The key to brand-driven login, of course, is Directed Identity. It’s the feature of OpenID in which the user does not enter his OpenID URI, but instead, tells the site who he would like to login with (the provider’s identifier, not the user’s). Yahoo! was the first major supporter of Directed Identity and it is the primary feature of its OpenID service.

See where I am going with this?

If Directed Identity is the technology, and Brand-recognition the philosophy to move OpenID forward, isn’t that equal to declaring bankruptcy to the vision of self-controlled and hosted identity? Microsoft, Google, Yahoo!, and Facebook don’t need a community. They can meet in a room and decide how they want to inter-operate. Technically, they don’t even need to inter-operate because developers can just drop 4 libraries into their sites that will do all the heavy lifting for them (Facebook-style).

Is OpenID becoming noting more than a fig-leaf for big corporations, protecting them from anti-trust, and making their locked-in products look Open?



  1. I’m not sure why you’re making a deal out of being “not invited”; over forty people were there in person and two-hundred people on the live video stream.

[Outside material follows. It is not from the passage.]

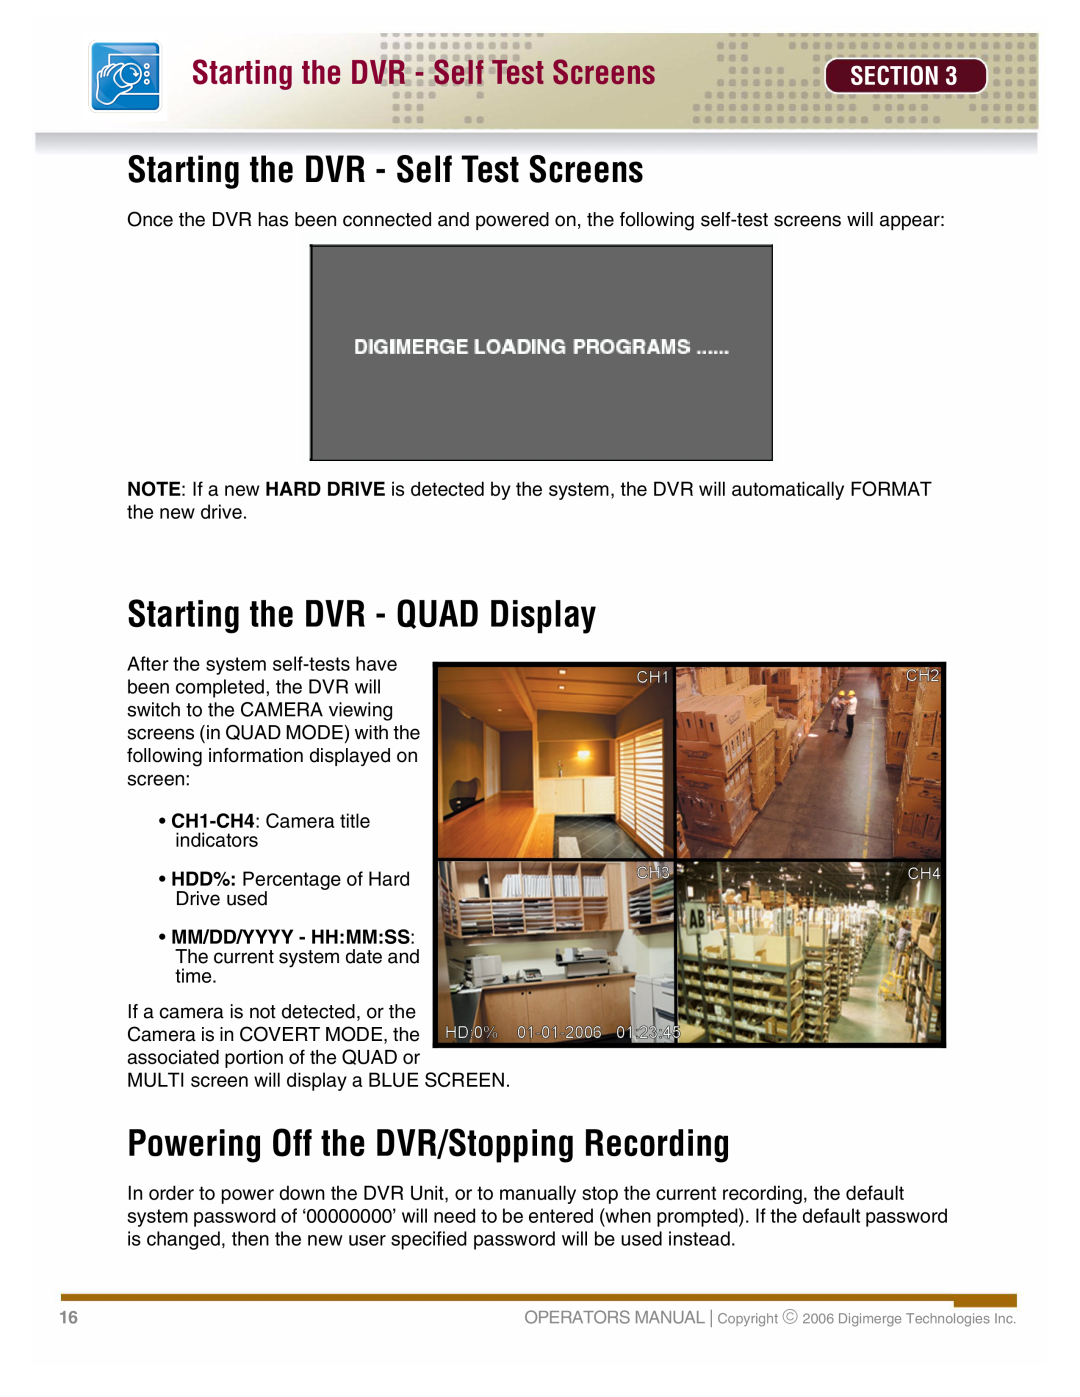 LOREX Technology DHU500 manual Starting the DVR - Self Test Screens, Starting the DVR - QUAD Display, Section

Not a single person who requested to come was turned away.
    One of the most significant and concrete pieces of work coming out of the summit is the proposed OpenID User Interface Working Group (http://openid.pbwiki.com/OpenID-User-Interface-Work-Group-Proposal) which can be implemented by any OpenID Relying Party and Provider, big or small.
    I will agree that more mainstream consumers are finding it easier to interact with OpenID via brands like Google, MySpace or Yahoo!, but not one person at the summit advocated for removing or hiding the ability for someone to use their own OpenID to sign in.
    So no, you’re wrong. :)

  2. The comment about not being invited was a tongue-in-cheek comment. I heard Facebook was doing some sort of a closed event about two weeks earlier and the next time I read about it was on Twitter during the event. No big deal.
    I am very skeptical of a standard organization (which is what OpenID foundation is) trying to do UI work. But I will wait and see what comes out of it.
    I don’t know what came out of the event, but I read the presentation so my view is limited to what went in. I think it is naive to think that just because there is a way to use your own OpenID somewhere, the presence of large brand names will not eventually move OpenID is a different direction.
    Using brands isn’t innovative, it is more of the same.

  3. An OpenID sign in interface needs to show me the appropriate brands depending on who I am and what I’m trying to do. For me that means seeing OpenID big and prominently since I use my own URL, but for my Mom that means emphasizing the Google logo since that is her main account online.